Este funcionário superior da Administração Púbica, que havia desempenhado altos cargos com inegável brilho e dedicação, exilara-se em França em 1828, na sequência da guerra civil desencadeada nesse ano entre Liberais e Miguelistas, aí permanecendo e certamente estudando em profundidade a organização política e administrativa francesa, até 1832.

Nesse ano, juntou-se às tropas do regente D. PEDRO, em Angra do Heroísmo, Açores, onde em 2 de março tomou posse como Ministro e/ou Secretário de Estado de várias pastas, integrando, depois, o grupo expedicionário que em 8 de julho seguinte, desembarcou nas proximidades da praia do Mindelo, a curta distância da cidade do Porto, com vista à recuperação da Coroa para a infanta Dª MARIA - a favor de quem seu pai, D. PEDRO IV, abdicara - e à reposição da Carta Constitucional, de 29 de Abril de 1826, que D. MIGUEL havia jurado aquando do seu regresso do exílio.

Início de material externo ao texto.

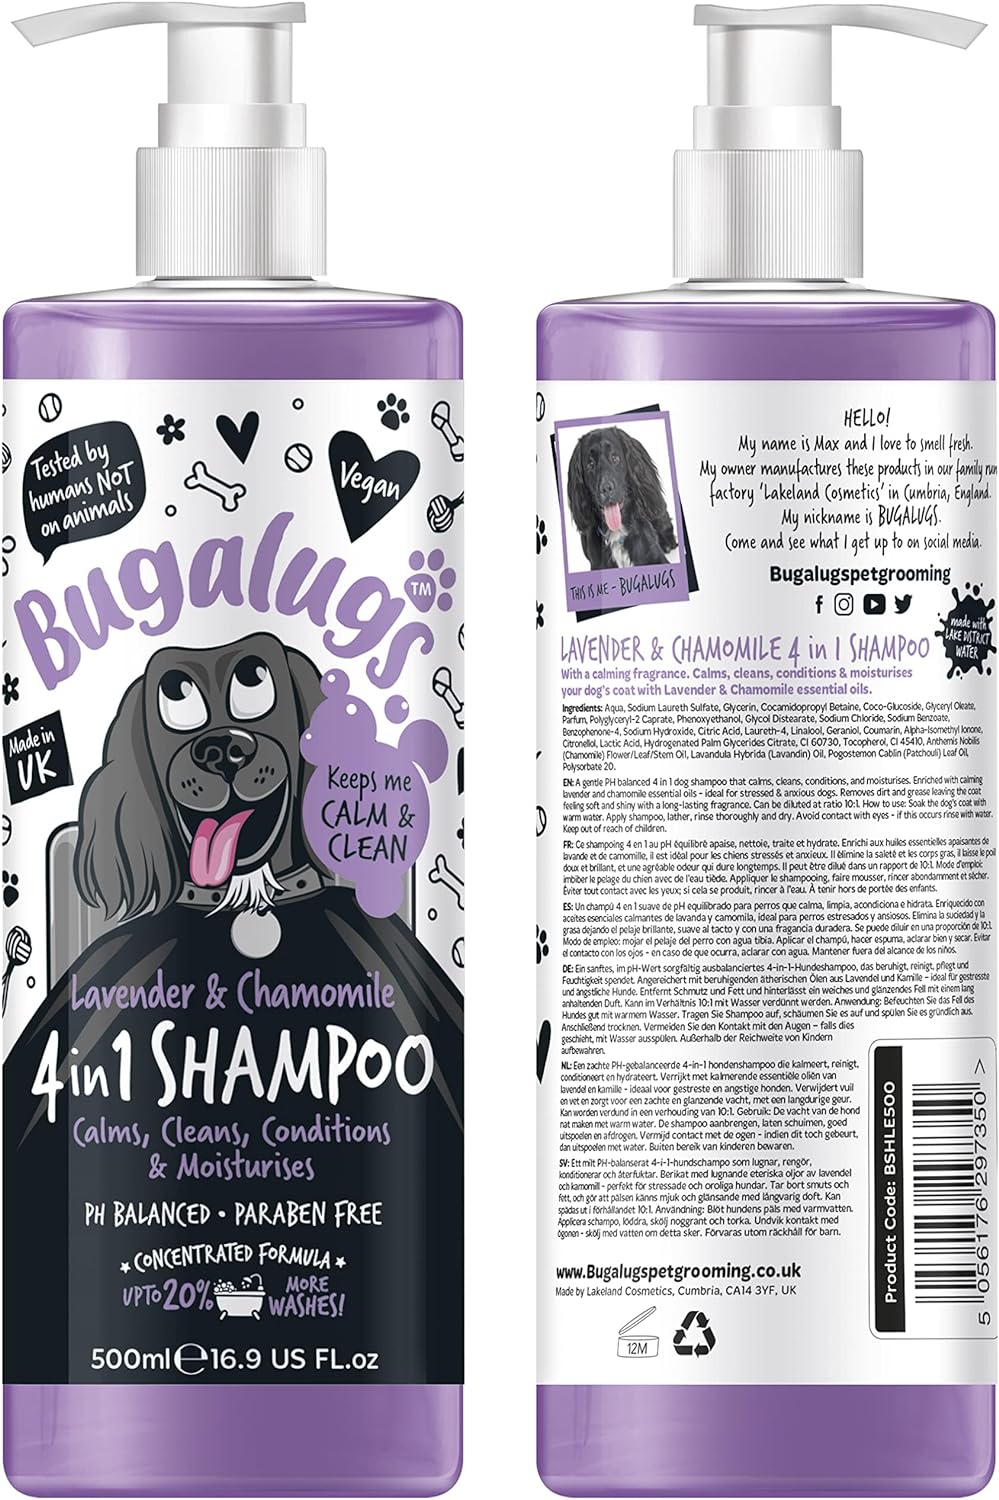 Dog Shampoo by Bugalugs lavender & chamomile 4 in 1 dog grooming shampoo products for smelly dogs with fragrance, best puppy shampoo, professional groom Vegan pet shampoo & conditioner (500ml)?5056176297350
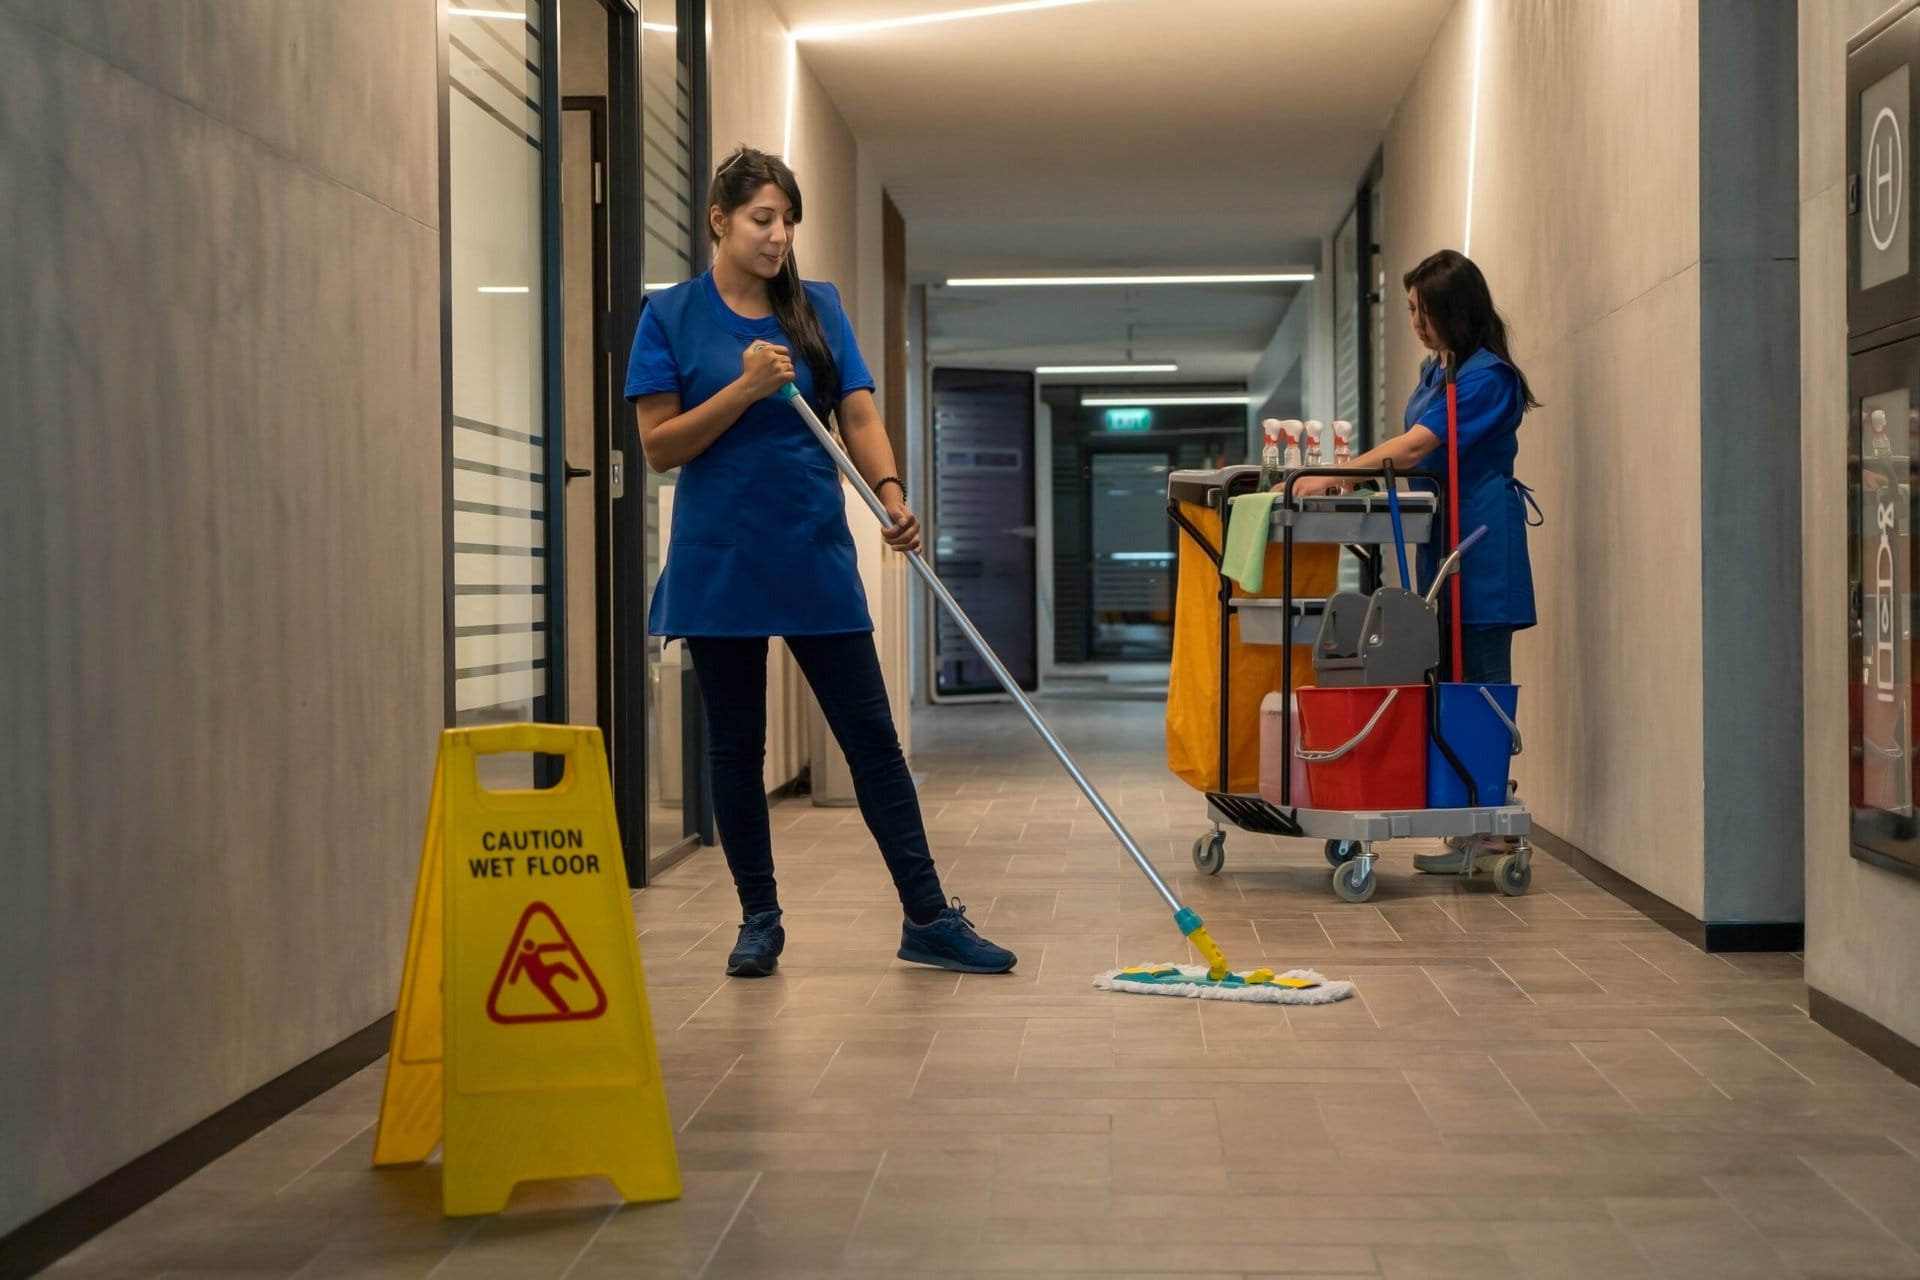 Cleaner,Mops,The,Floor,While,The,Other,Prepares,The,Detergents

Todavia, não tardou em ostracizá-la, ao dissolver a Câmara de Deputados e abrir caminho à convocação dos três estados do Antigo Regime, para aí ser aclamado Rei absoluto, originando, assim, uma luta fratricida entre Absolutistas e Liberais a que só a vitória destes últimos e a assinatura da convenção de Évora Monte em 1834, pôs termo.

MOUZINHO, trabalhou certamente com afinco durante o seu exílio em França, na preparação das reformas que veio a protagonizar, pois no pouco tempo que permaneceu nos Açores, obteve a promulgação de mais de duas dezenas de Decretos e uma Portaria, nomeadamente os famosos Decretos nºs 22, 23 e 24, que viram a luz do dia em 16/05/183225 e que reformaram de alto a baixo a administração portuguesa, nas suas áreas chave da administração fiscal, da administração púbica e da administração da justiça.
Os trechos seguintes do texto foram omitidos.